Lawrence tells you about his place in the world, flat grassland as wide as an ocean and animals with huge shoulders called bison that he says are bigger than any bull or water buffalo that you can imagine. At least you never have to worry with him whether he wants you. In private, he submits, treats you like an empress.
When the war comes to an uneasy truce, he asks you to leave with him. The country is split in two, mirroring the way you feel. Where you lived, now a madman leads and you know you’ll never return. You get married wearing your sister-in-law’s dress.
You end up in a place called Montana that is like living on the moon. There are no people about, just sky and thousands of animals your new husband raises and sells. You eat so much meat you get fat. You have three children, two girls and a boy. None look like you or your husband. They are a new breed for a new world. Two leave for the city when they can; the oldest stays behind, takes over the ranch. You get good at birthing horses and people send for you when they have difficult cases, mares too frightened and in pain to calm down, to do what is good for them.
You whisper the same nonsense you told Suyon: that they are beautiful and perfect and doing everything just right. Everyone, everything in the world loves them. If it is an especially difficult birth, you sing “Arirang.” It doesn’t matter who hears the sorrowful song, human or animal; it soothes.
King of the Gipsies
There’s always a shortcut from Point A to Point B. That’s what my dad says. We never go the same way twice. Why? Because there’s always a shorter route. When my dad’s not around, my mother tries to keep me from thinking like him. So what if there’s a shorter route? she says. Go the way you know. Go the way you’re sure will get you there.
I’m always supposed to be getting somewhere. You too?
Anyway, I try to do the best with the information I get. There’s a shortcut from St. Mary’s that cuts across the train tracks, and that’s the way I go every day. You’ve probably heard of St. Mary’s—it’s an all-girls prison. When you leave, you get a certificate certifying your skill in Killing Without Weapons. Ever hear of a game called Three Seconds? But I bet I can make you cry in less. What’s your hang-up? Fat, weak, ugly, poor? Breath stink? Thighs dimpling? Are you boring? Do you wish your parents had more money? Do you hate them? Do you hate yourself? Find the weak spot. It’s murder.
I’ve gotten pretty good at it. Today I told Janelle her breathcould curl onions. Kind of corny but still effective in a crowd. Should I have said cure onions? But who would have gotten that? Michele Hicks maybe. She’s the senior-class nerd and has got the acne to prove it. You feel kind of bad for her, but then she laughs in class whenever you get the wrong answer.
You know what it is to kill or be killed.
Where am I?
I’m walking along the train tracks behind Justis Street where the fence kind of bends down to the ground and there are crumbly sausage-shaped turds every few feet. Angela Giampa. I’d like to squash her face there. Angela Giampa, inventor of a game called Five Reasons You Should Be Dead and All-Time World-Class Bitch Champion. Last week she asked me if I owned more than one uniform. Like I’d want to own more than one ugly black-and-yellow plaid wool skirt, I said to her. But now I’m afraid she’ll tell everybody.
Forget it. You know what I think is weird is the Shroud of Turin. Only a blast of radiation could have made that kind of impression. It’s like a photograph, really. But of what? The radiation of resurrection?
I’m just waiting for something to happen.

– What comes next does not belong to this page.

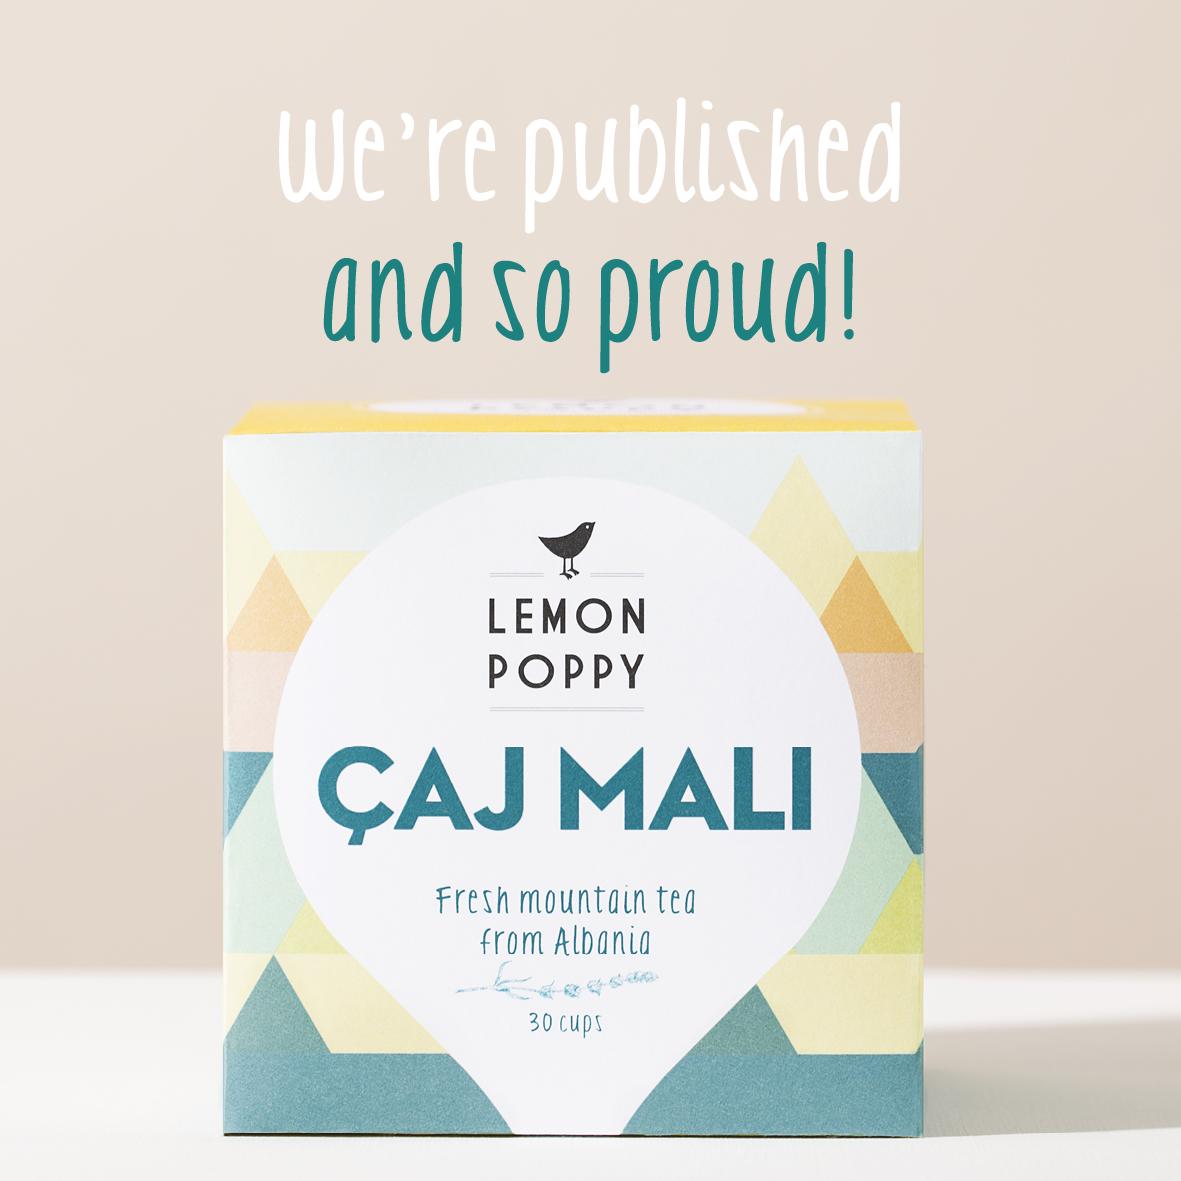 Lemon Poppy thee tea amsterdam Holland Caj Mali albanie thee webshop shop online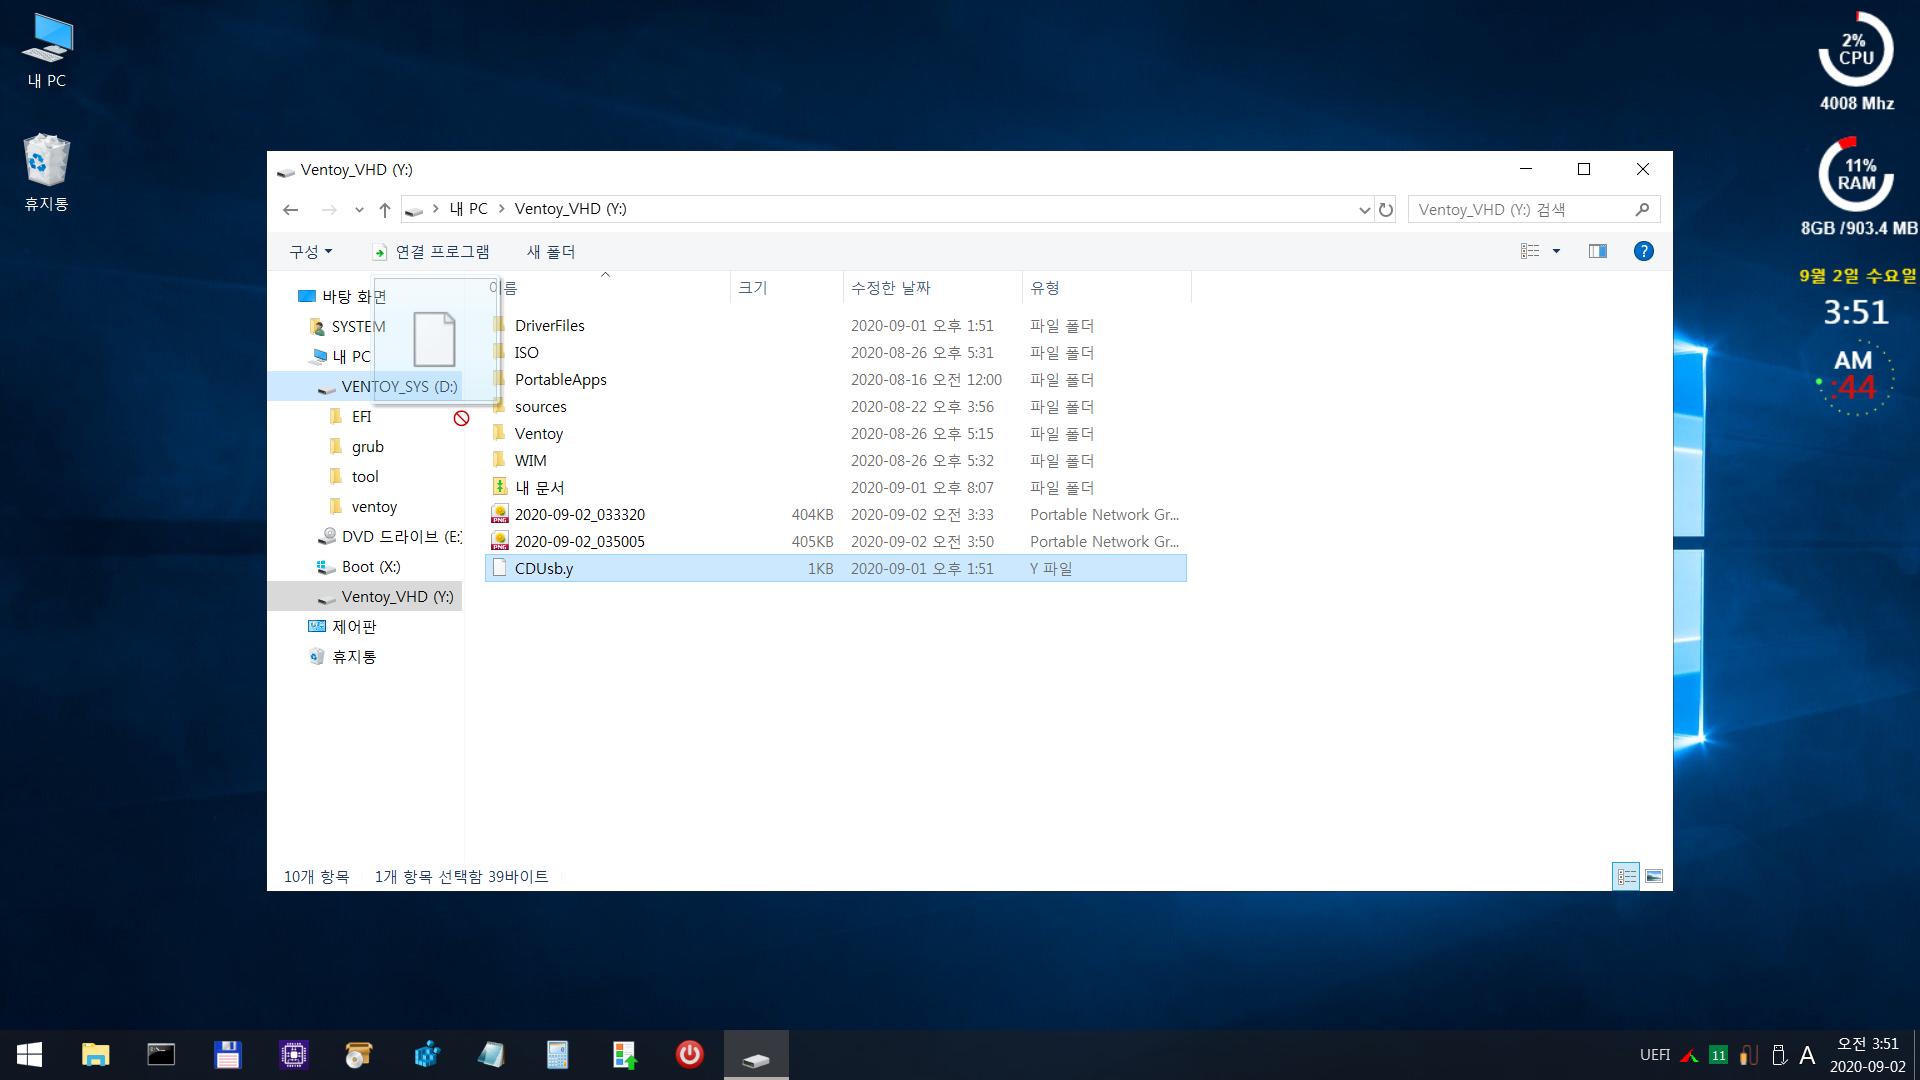 prince pe에 레지스트리 하이브 파일 추가 + 용량 최적화 - Ventoy에 wim 부팅하여 드래그 복사 테스트 - 기존 wim 파일 2020-09-02_035146.png

Sometimes I see nervous stray dogs weaving down the tracks, not looking at me except out of the corners of their eyes. Skinny, patchy-colored things. Sometimes we stop and look at each other at a distance from a distance across a distance of ten feet. . . .
Hey! Hey, you!
I look up. A guy’s coming toward me wearing a heavy coat in eighty-degree weather. You know who it is. It’s some crazy bum. Doesn’t he see it’s June sunshine in New Hampshire, here in the leave-me-alone state? One of his feet turns in funny and makes him bounce up and down, up and down.
We meet at tie seventy-three.
I been looking for you, he says, opening his arms out wide.
Huh?
I been looking for you, he says again. He reminds me of another homeless guy I used to know named Joel. His face is dark brown with dirt but you can tell he’s white.
He looks up and down my uniform. Sweet sorority girl, he says, you made it jest in time.
Huh? I say, looking around. I’m not a sorority girl.
He gives me a disappointed look and sits down. He starts to unlace his boots. I’m the King of the Gipsies! he says, looking at me fiercely.
For a second, I listen hard but I don’t hear anything except some stupid birds chirping.
You mean Gypsies? I say.
He shakes his head. Gipsies. He says Gipsies like give or gone.
Okay, whatever, I say. Where’s your tribe, then? I ask him.
He pulls painfully on his boot to get it off, and when he does, half a dirty white sock comes out with it. Here, he says, holding up his boots to me.
What?
Here, take it. He starts to nod emphatically.